Сперва Климов выпучил глаза, потом внезапно затрясся от хохота, колыхая животом стол.
— А ты и поверил! — Он вытер ладонью рот, словно вместе с оставшимся на губах жиром стирая и смех. — Я, дорогуша, для сочувствия трясусь, пусть думают, что переживаю… Так за что же тебе досталось?
— Всего не перескажешь, — отозвался Ламаш неохотно. — Сам знаешь, как бывает. Собрали все сразу и — бух на голову. Бандарук и тот лягнул.
— А Дачник? Тот никогда не промолчит, в любую щель носом просунется.
— Этот в народники меня произвел, — пренебрежительно ответил Владимир Кузьмич. — К массам, говорит, подмазываюсь, в общем, подвел базу.

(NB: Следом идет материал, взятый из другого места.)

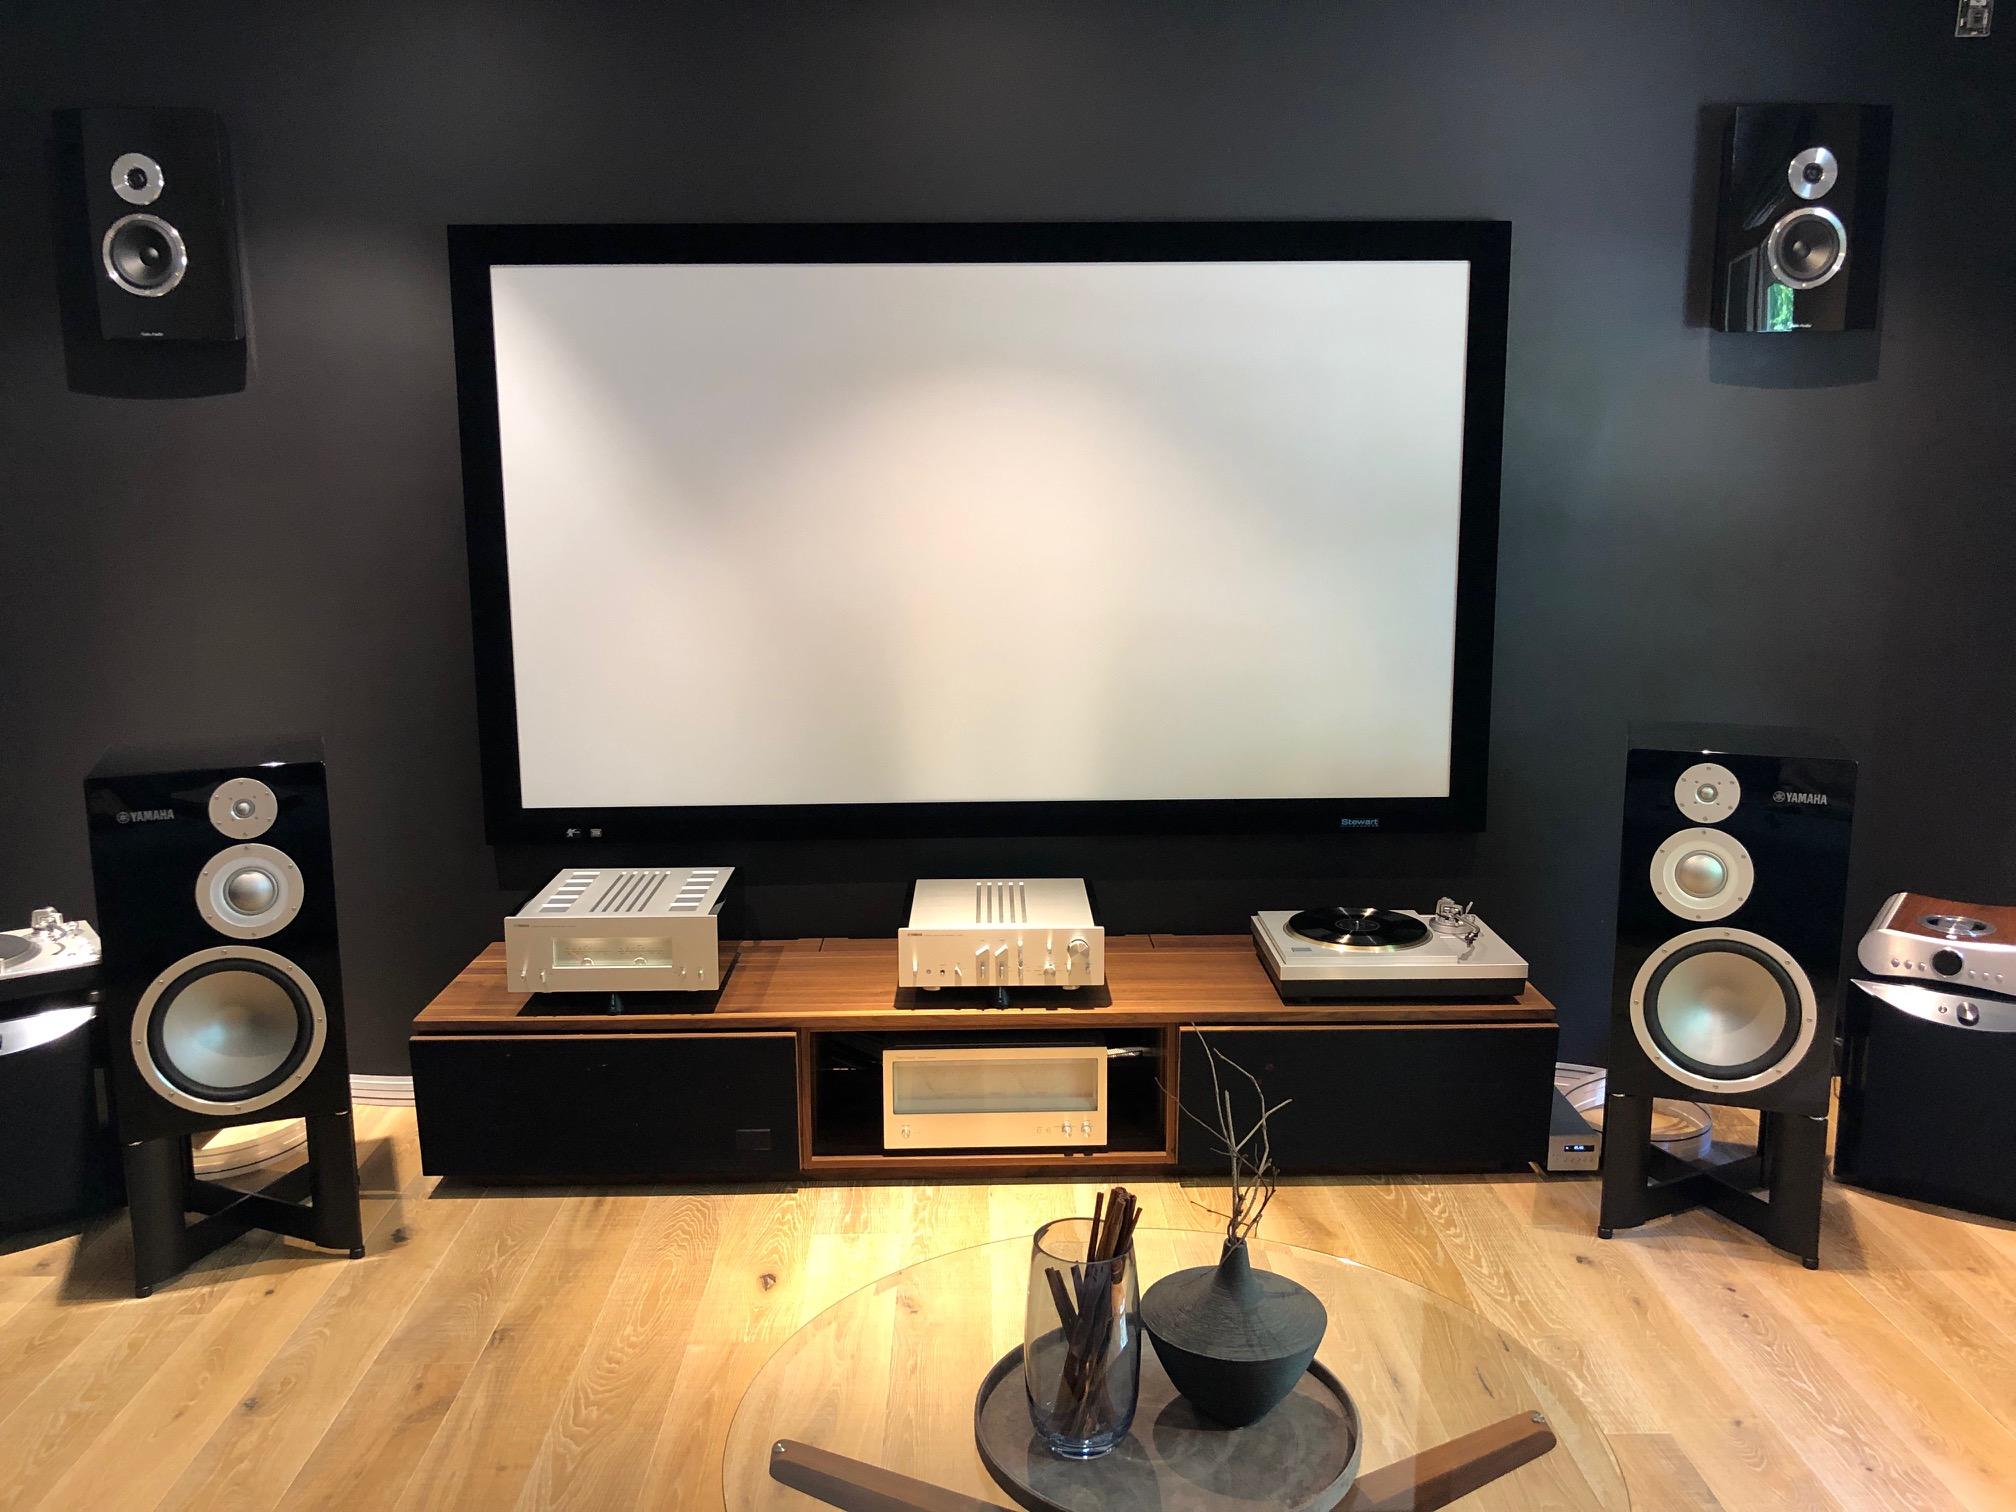 Reference Class Plattenspieler SL - 1000 FLC High-Fidelity Plattenspieler neu definiert - bei Audio Exclusive in Wels
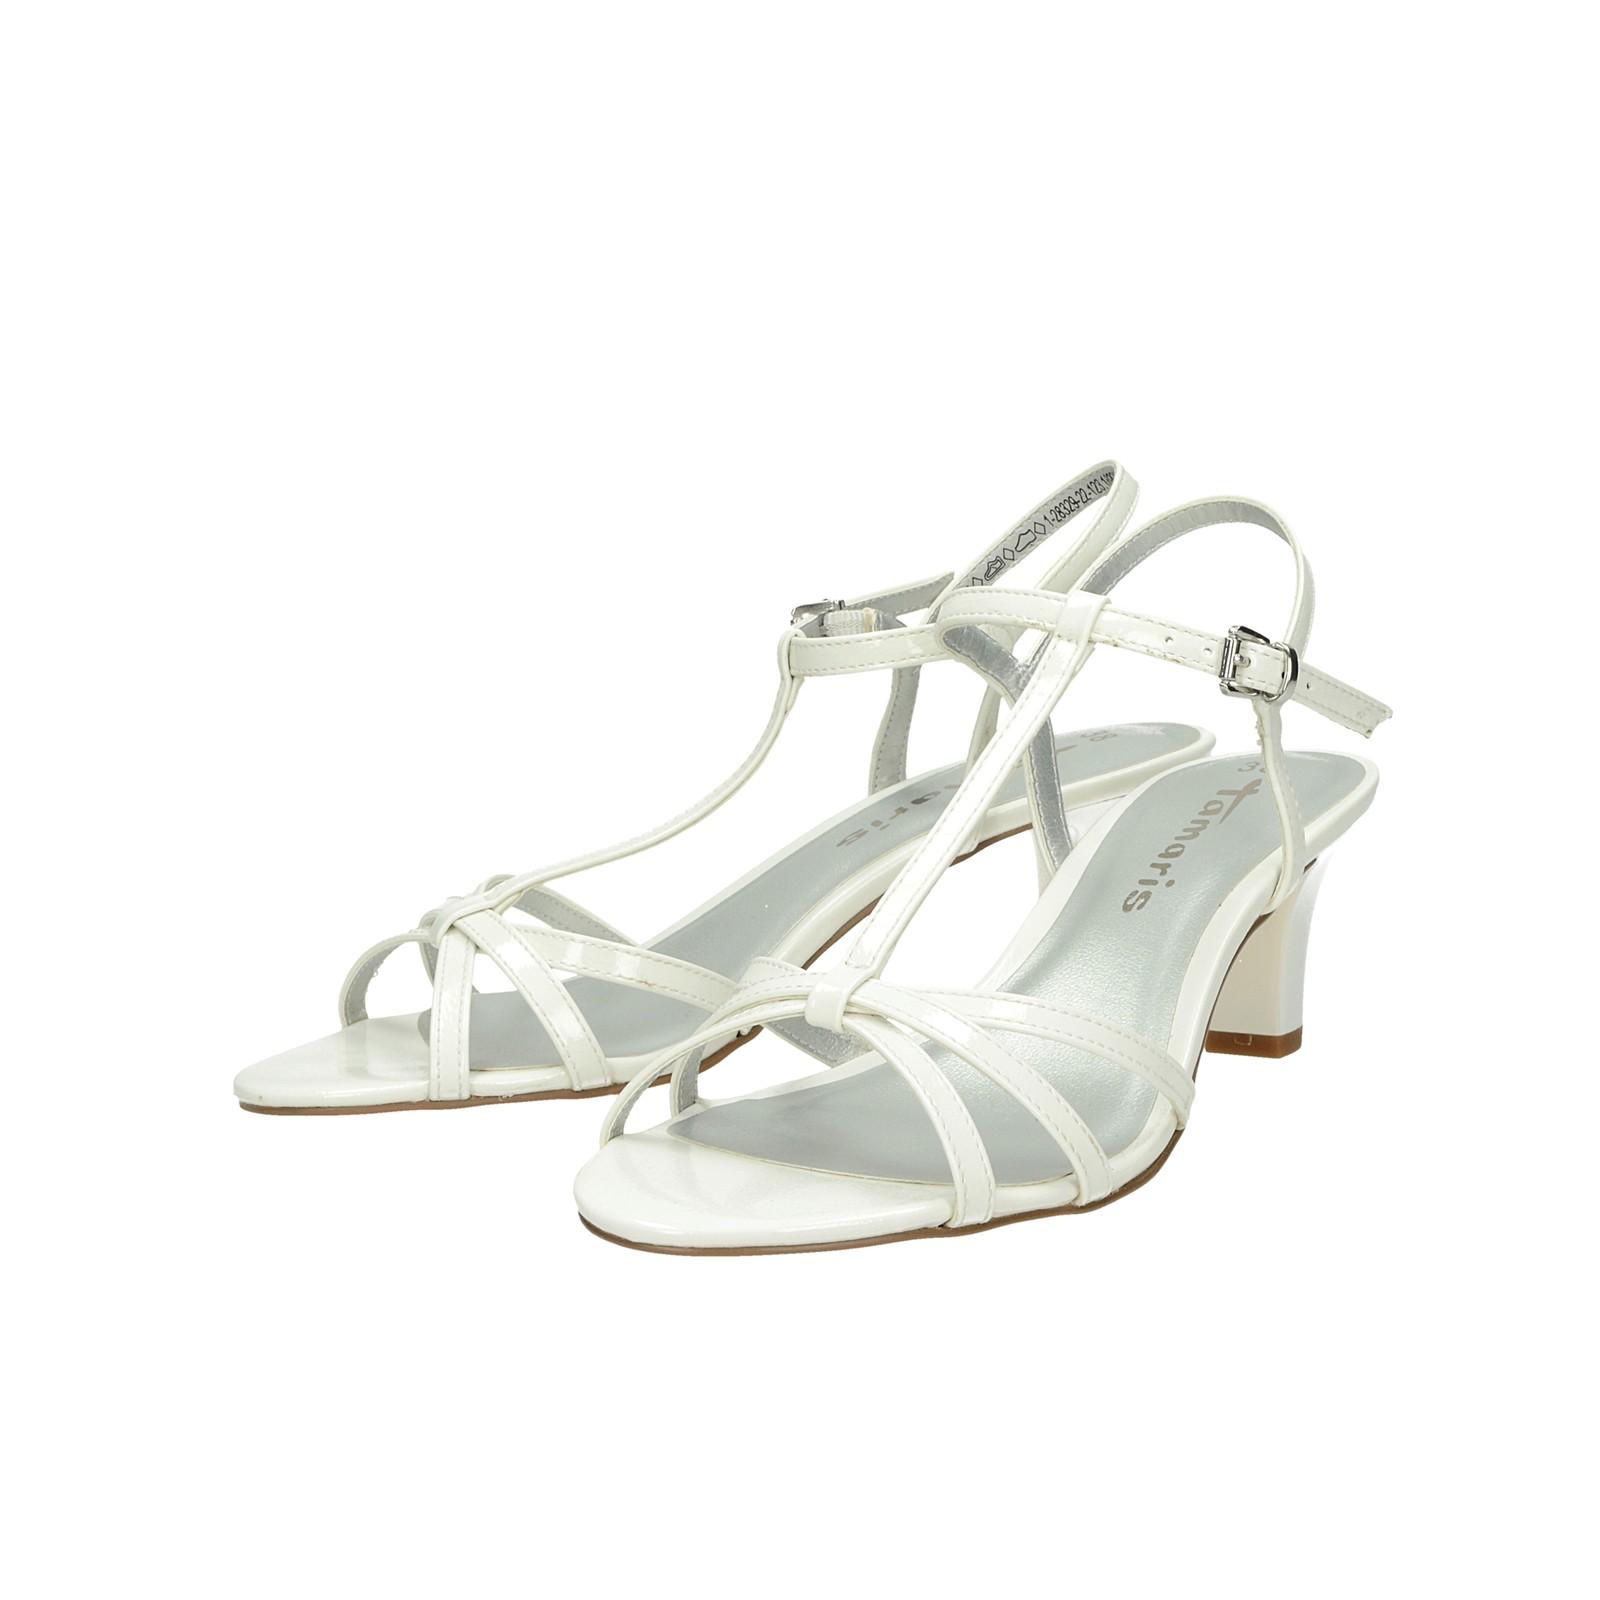 39f3c233ff82 Tamaris dámske štýlové sandále - biele ...

— Он такой, подведет, — хохотнул Климов.
Дачник — Завьялов. Эта кличка пристала к нему липким пластырем несколько лет назад. В ту пору он, инструктор райкома партии, захваченный общим порывом, изъявил желание работать в селе, и его послали председателем в отстающий колхоз. Семью Завьялов оставил в городе, сославшись на то, что жене требуется постоянный врачебный контроль, сам квартировал у одинокой старухи в чистеньком доме со стеклянной верандой, обнесенной кустами сирени. В конце весны в доме появлялась молодая пышнотелая женщина с двумя девочками в белых пикейных панамках, и тогда их розовое и голубое платьица весь день мелькали в нежно зеленеющем палисаднике. В жаркие часы они направлялись на речку, и, когда шли по селу, бабы выглядывали в окна и говорили: «Председательша пошла. Дачница». Мать и девочки, в одинаковых желтых купальниках, часами лежали на песчаном берегу, и мальчишки, обходя этот пляжик, купались в других, неудобных местах. Иногда на речку приезжал сам Завьялов и, отпустив шофера, растелешивался до трусов, ходил по берегу и бросал земляные комья в воду. Девочки отыскивали комья и подносили ему, а мать лежала на песке и, опираясь на полную круглую руку, с мечтательной улыбкой следила за ними. Мальчишки вылезали из речки и, хоронясь за кустами тальника, издали наблюдали за ними и удивленно переглядывались: председатель бил лягушек. Через два года Завьялов из рук в руки передал бразды правления своему сменнику и вернулся в город. В колхозе, где он был председателем, вскоре почти забыли о нем, только кличка Дачник навечно прилипла к Завьялову натянулась за ним, как тень.